[REQUIREMENT]: Output the line that contains "Monarch butterfly resting on milkweed flower" together with each line after it, through the final line of the listing below, word for word; omit pictures.
[MATERIAL PROVIDED — start]
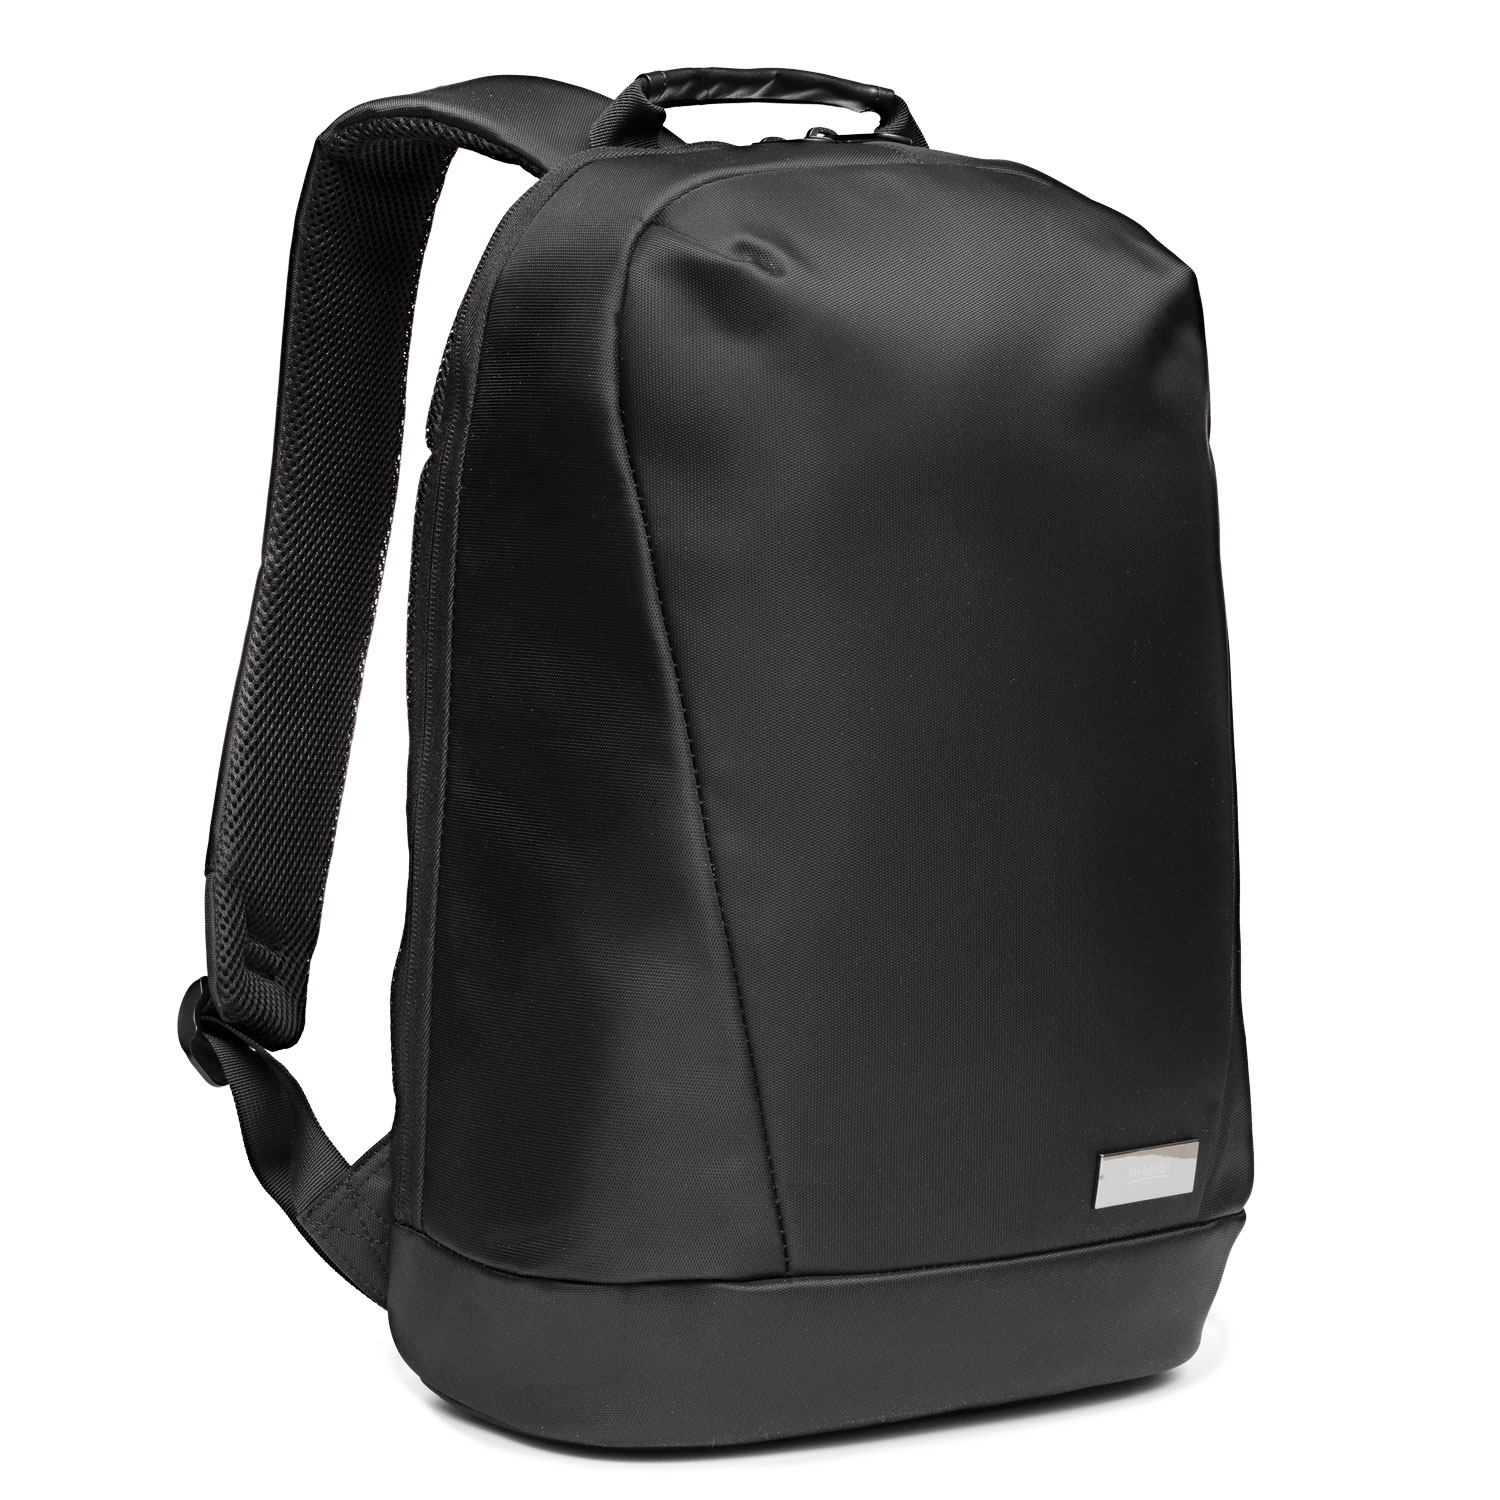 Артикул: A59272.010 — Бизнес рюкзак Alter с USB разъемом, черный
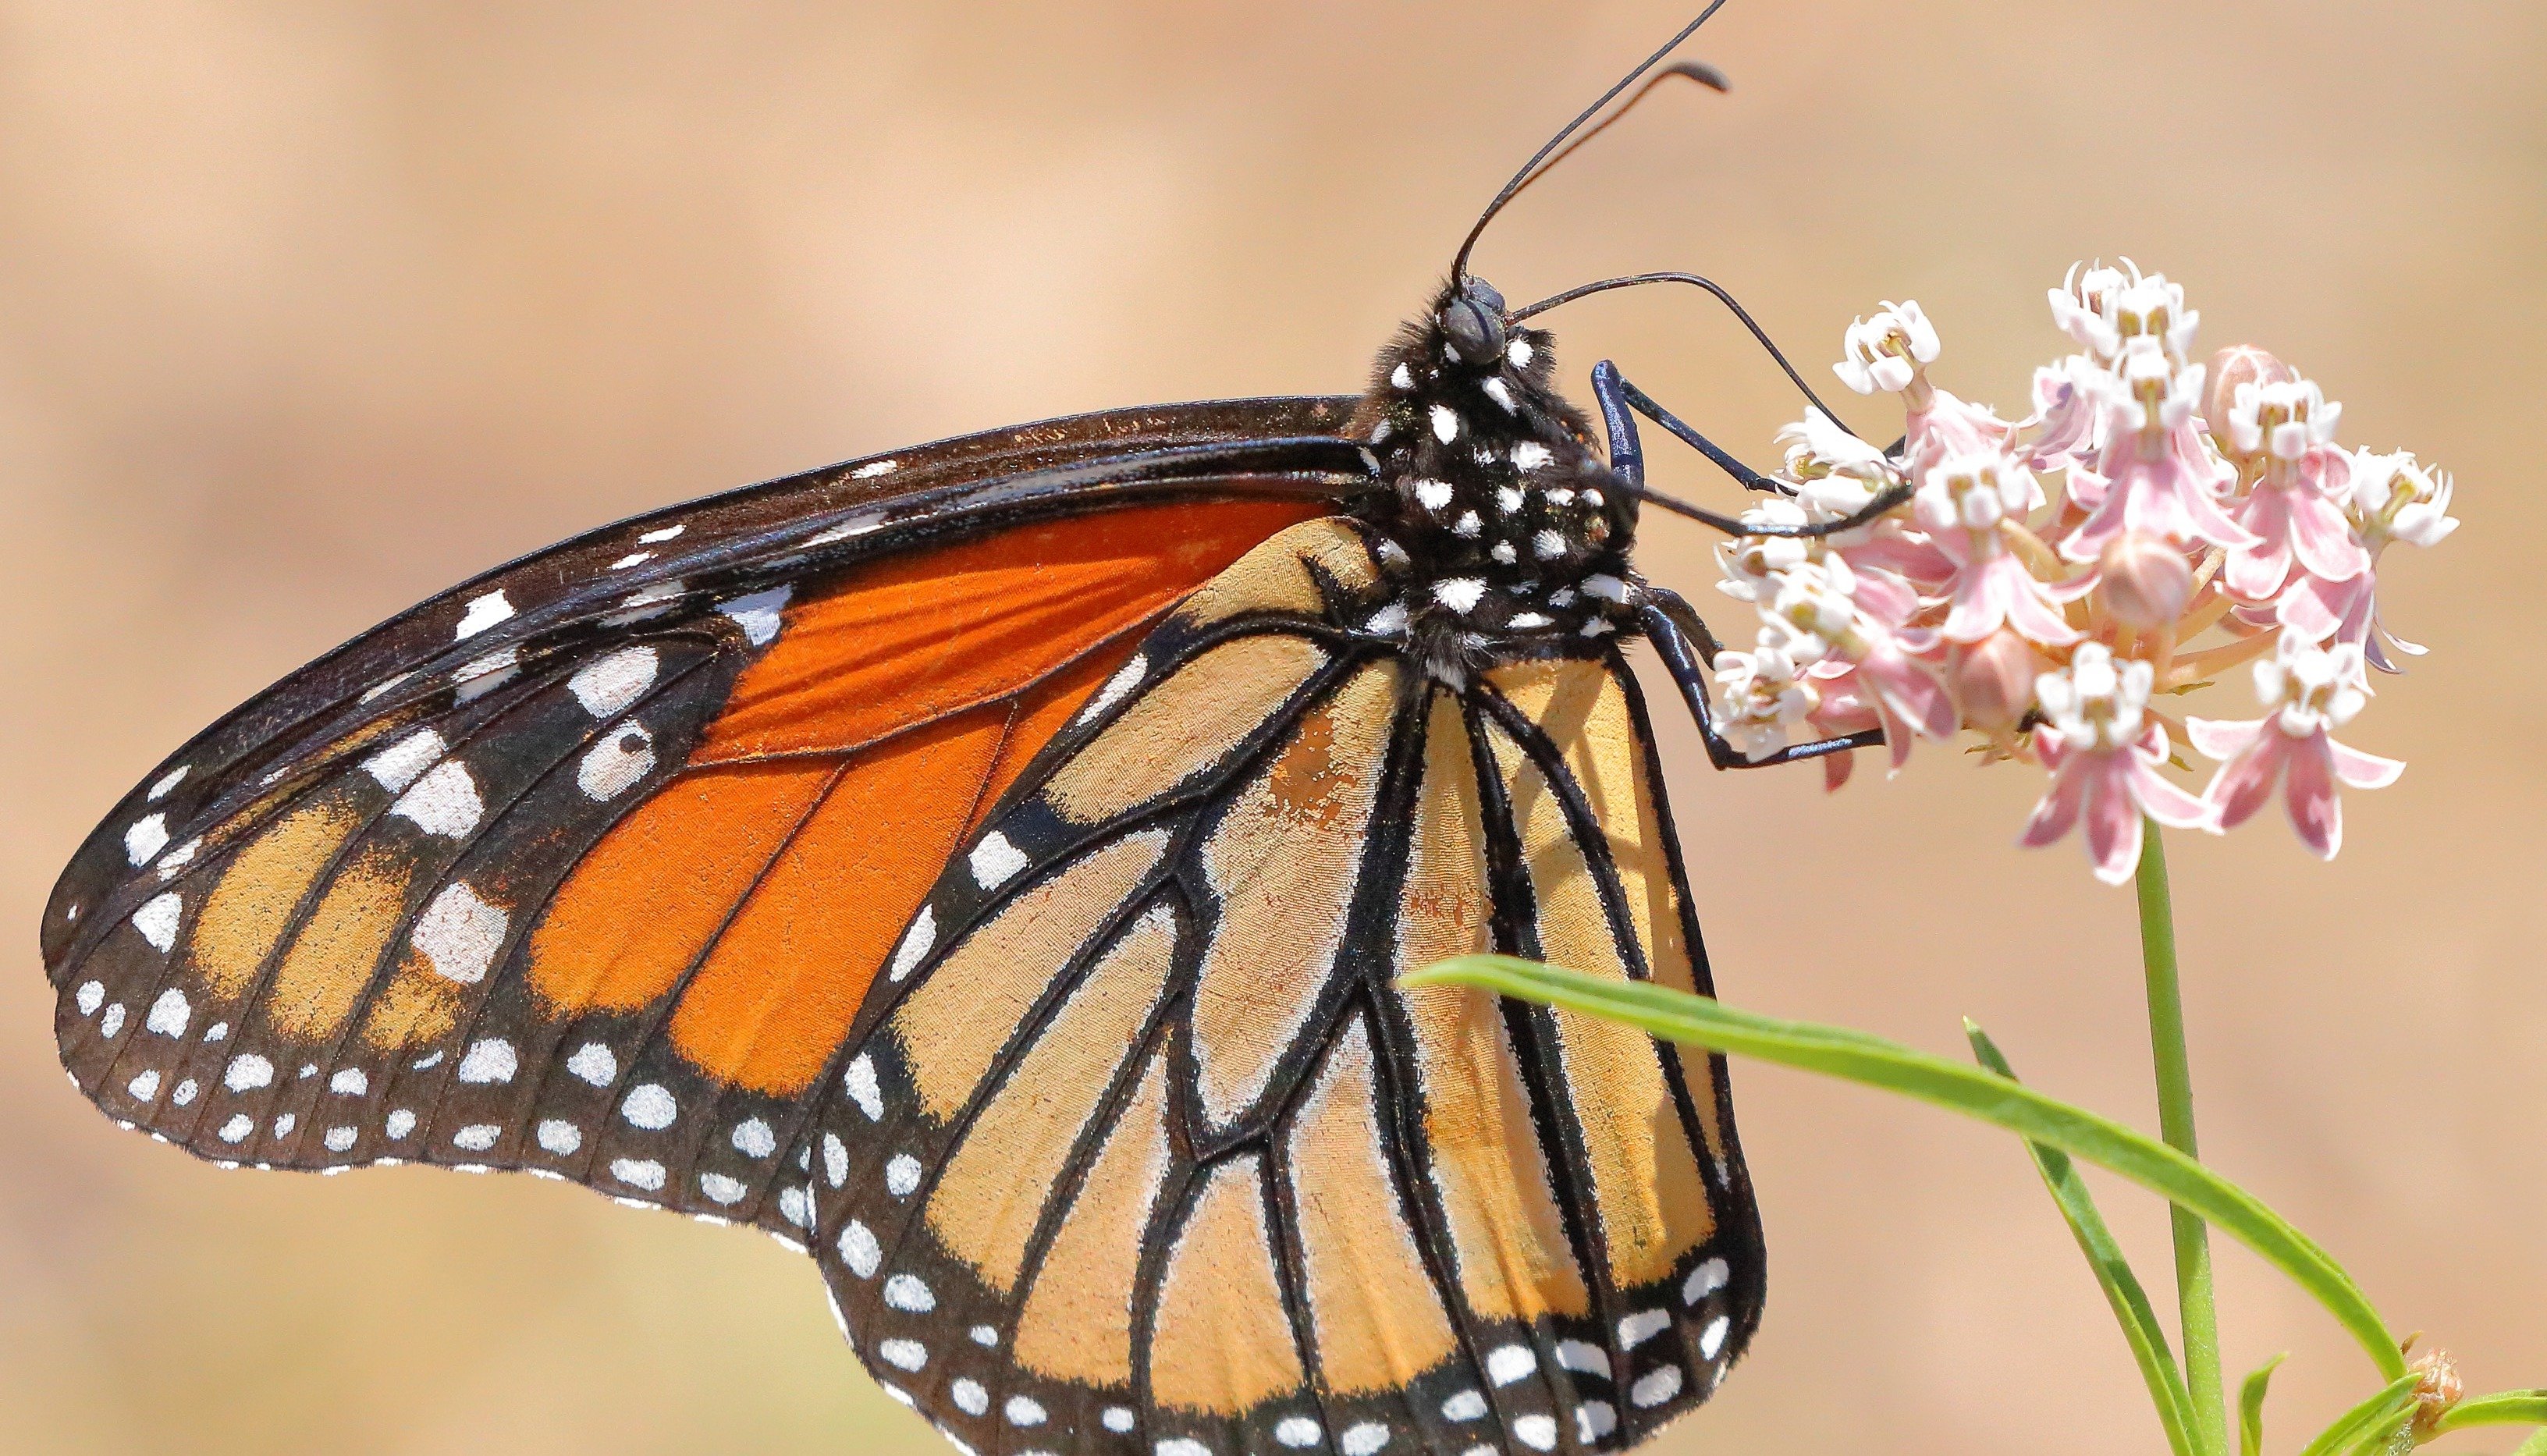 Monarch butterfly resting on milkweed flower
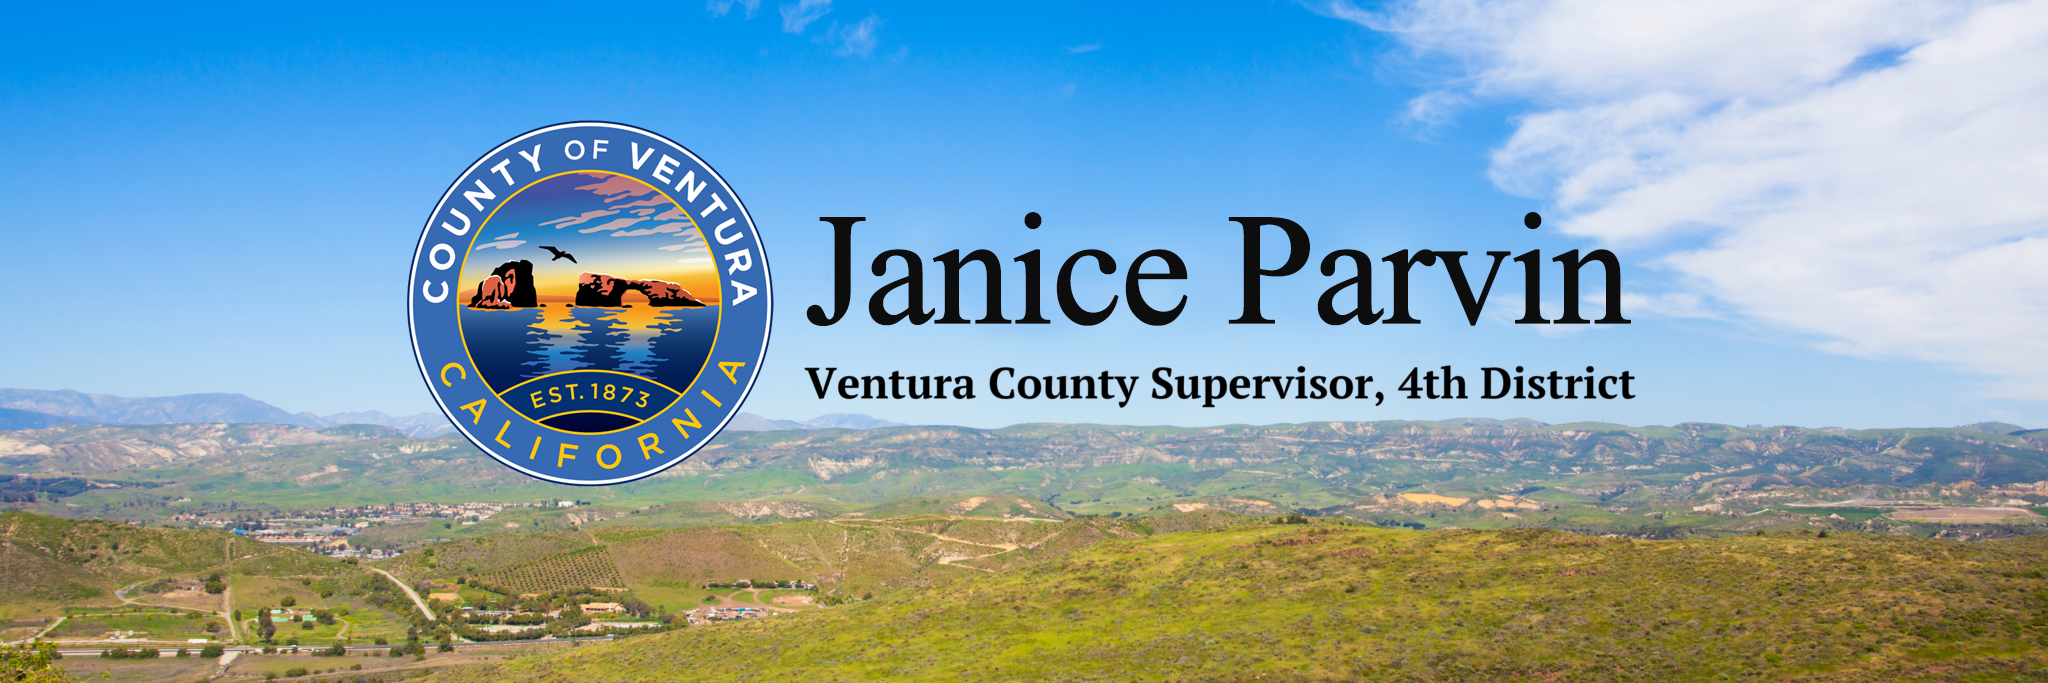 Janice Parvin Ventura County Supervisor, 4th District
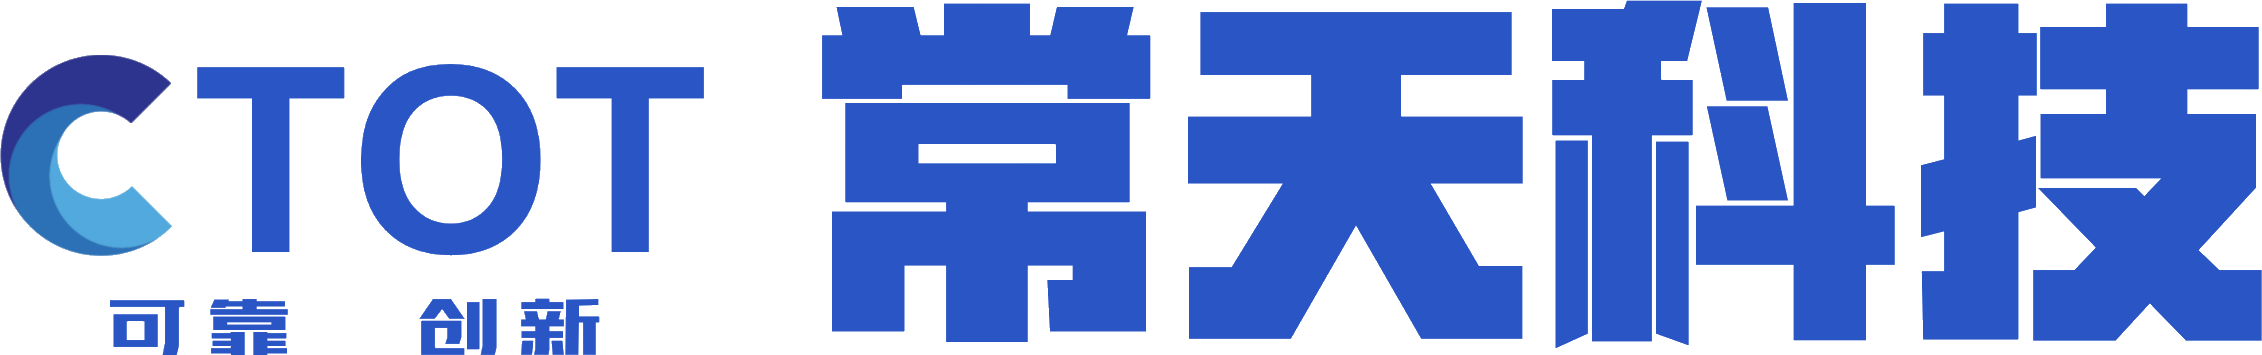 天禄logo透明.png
[MATERIAL PROVIDED — finish]
[SOLUTION FOR THIS TASK]:
 Monarch butterfly resting on milkweed flower
 Janice Parvin Ventura County Supervisor, 4th District
 天禄logo透明.png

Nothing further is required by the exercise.